Susan Steinberg is an American writer. She is the author of the short story collections The End of Free Love (FC2, 2003), Hydroplane (University of Alabama Press, 2006) and Spectacle (Graywolf Press, 2013). Her first novel Machine: A Novel (Graywolf, 2019), revolving around a group of teenagers during a single summer at the shore, employs experimental language and structure to interrogate gender, class, privilege, and the disintegration of identity in the shadow of trauma.

==Life==
Steinberg holds a B.F.A. in Painting from Maryland Institute College of Art and an M.F.A. in English from the University of Massachusetts Amherst. She teaches English at the University of San Francisco. She was a fiction editor at Pleiades from 2000 until 2006.

==Awards==
Susan Steinberg was the recipient of a 2012 Pushcart Prize for her short story "Cowboys." She was a James Merrill House Fellow in 2015.

== Reviews ==
Publishers Weekly gave Machine a starred review, praising her "use of meter and line".

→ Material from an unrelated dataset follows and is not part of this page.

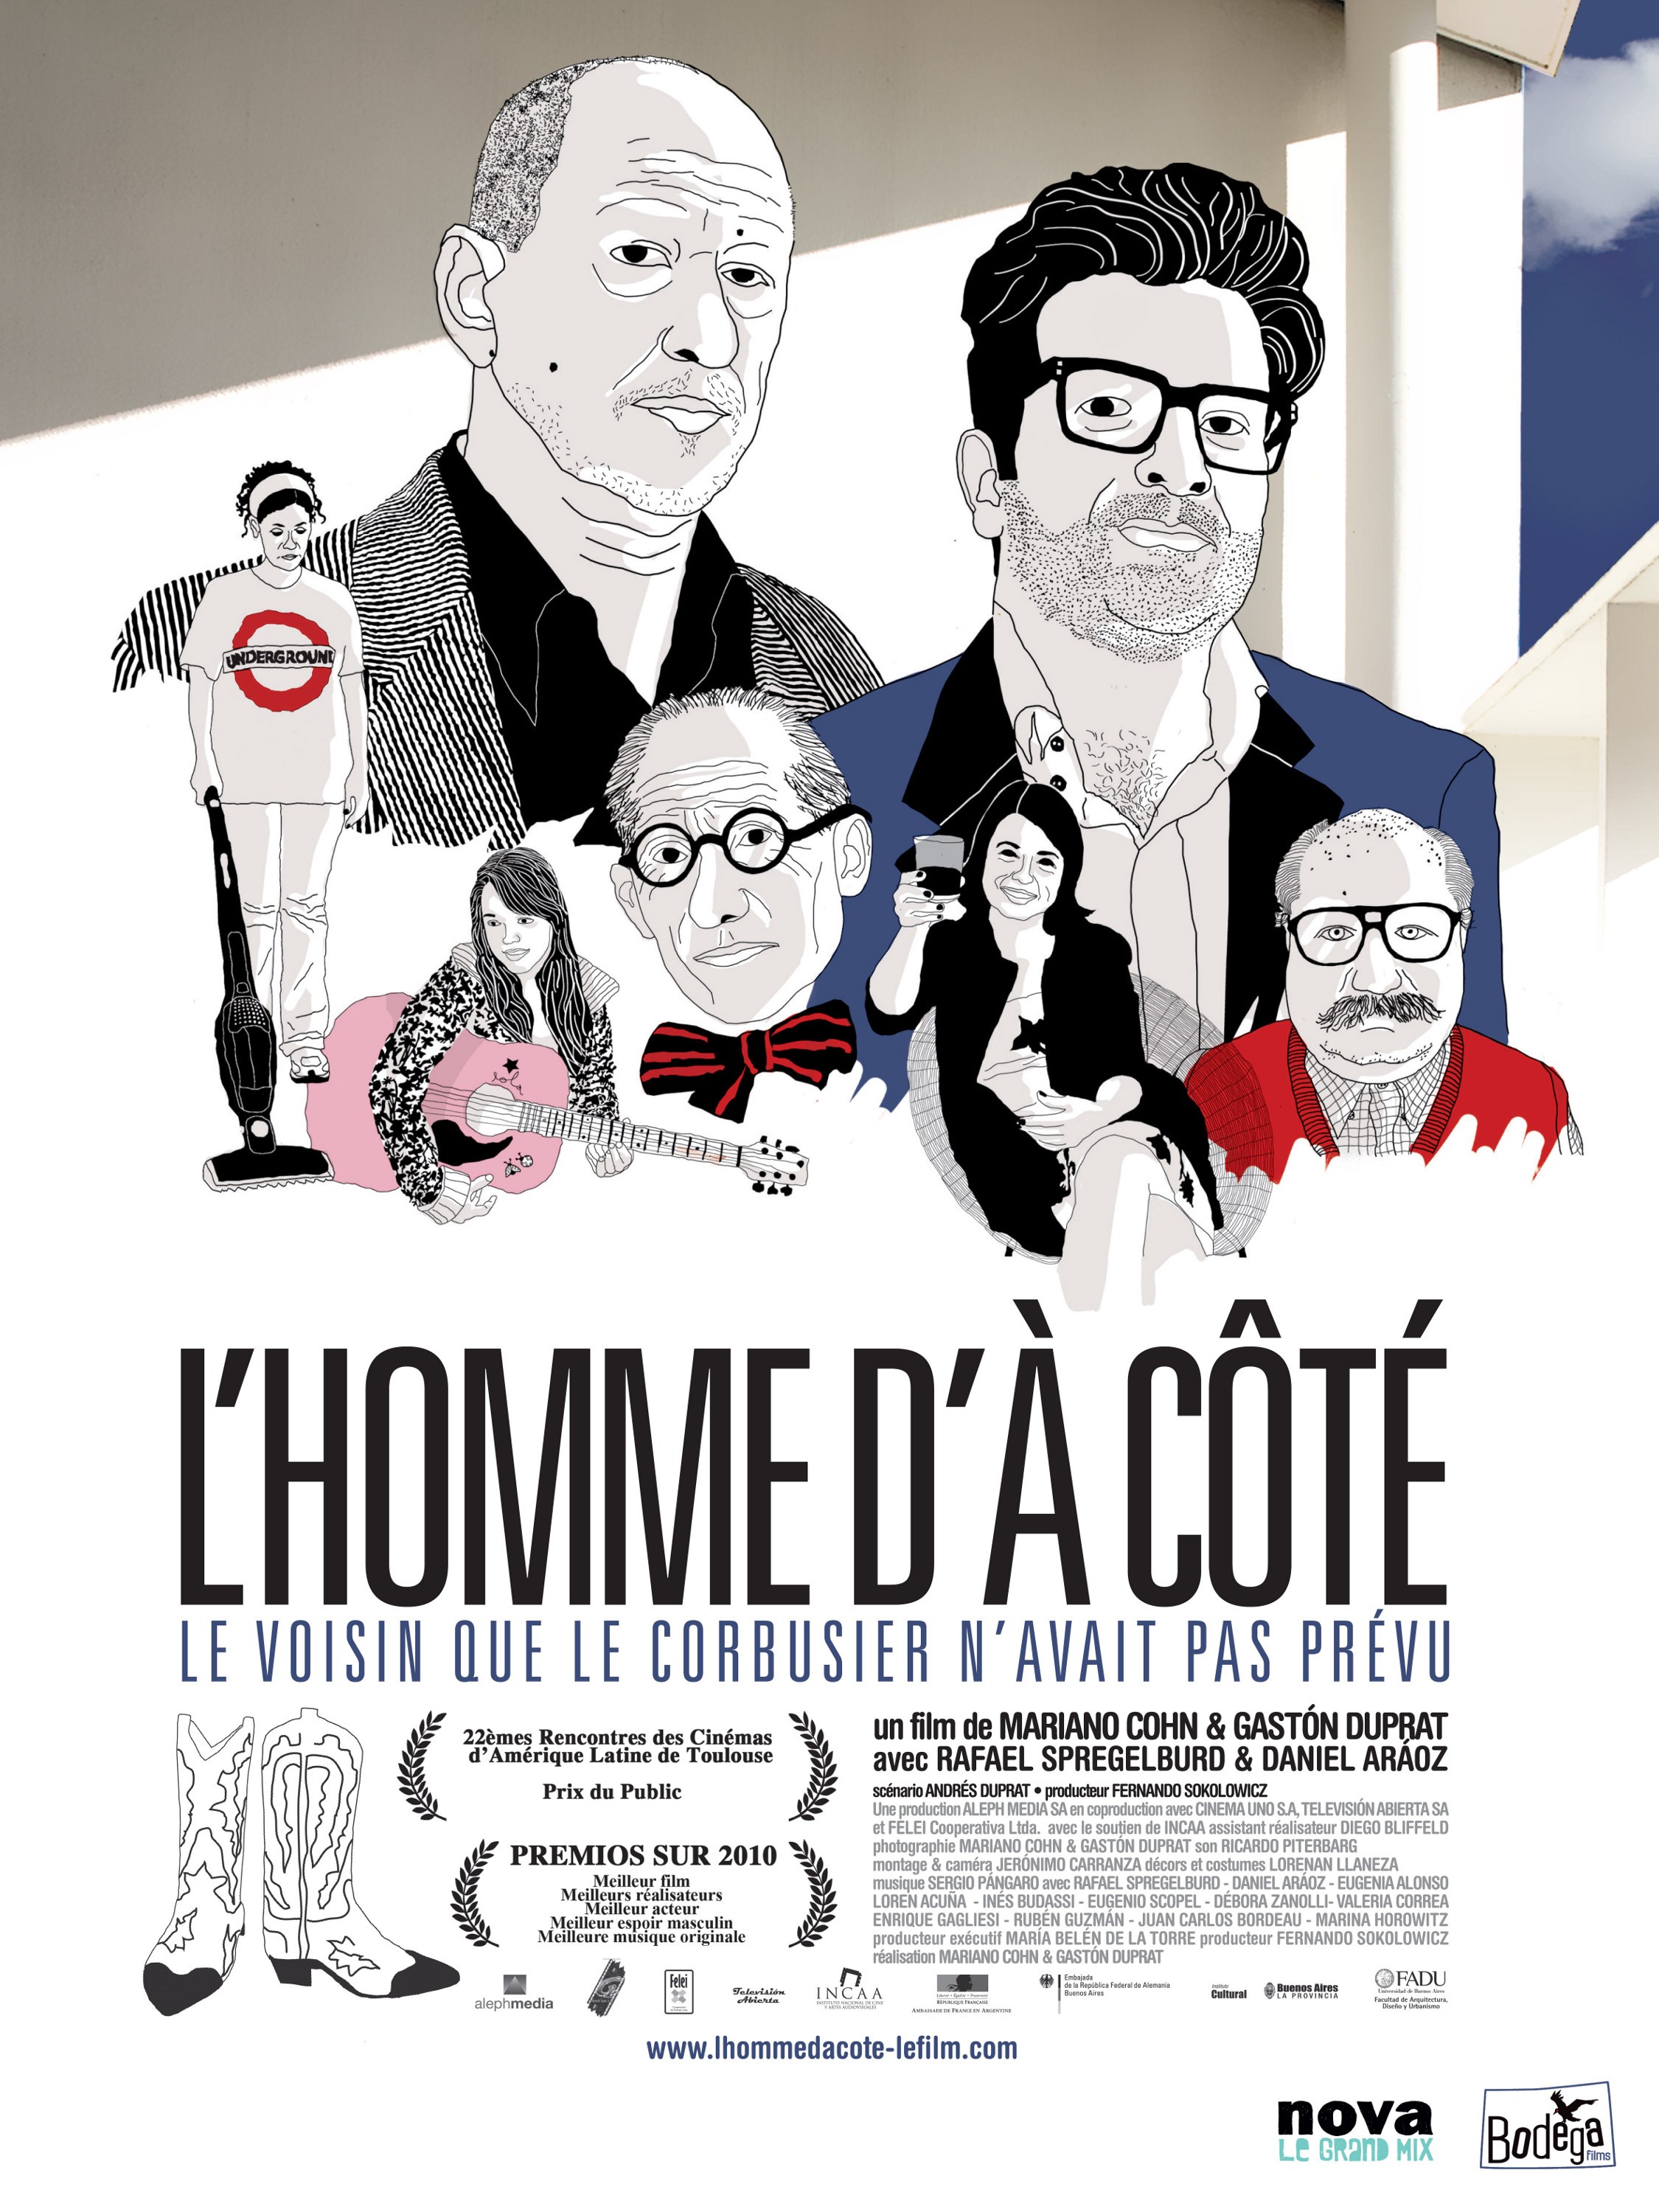 Mega Sized Movie Poster Image for El hombre de al lado (#2 of 2)

About Machine, Ann Hulbert commended in The Atlantic Steinberg's "daring experiments with style and perspective".

In the Los Angeles Review of Books, Andrew Schenker lauded the stylistic diversity of the chapters in Machine and the stylistic "tension between motion and stasis" in Spectacle.

==Writing==

- Machine: A Novel (Graywolf Press, 2019)
- Spectacle (Graywolf, 2013)
- "Spectacle," Conjunctions (2011)
- Hydroplane (University of Alabama Press, 2006)
- The End of Free Love (FC2, 2003)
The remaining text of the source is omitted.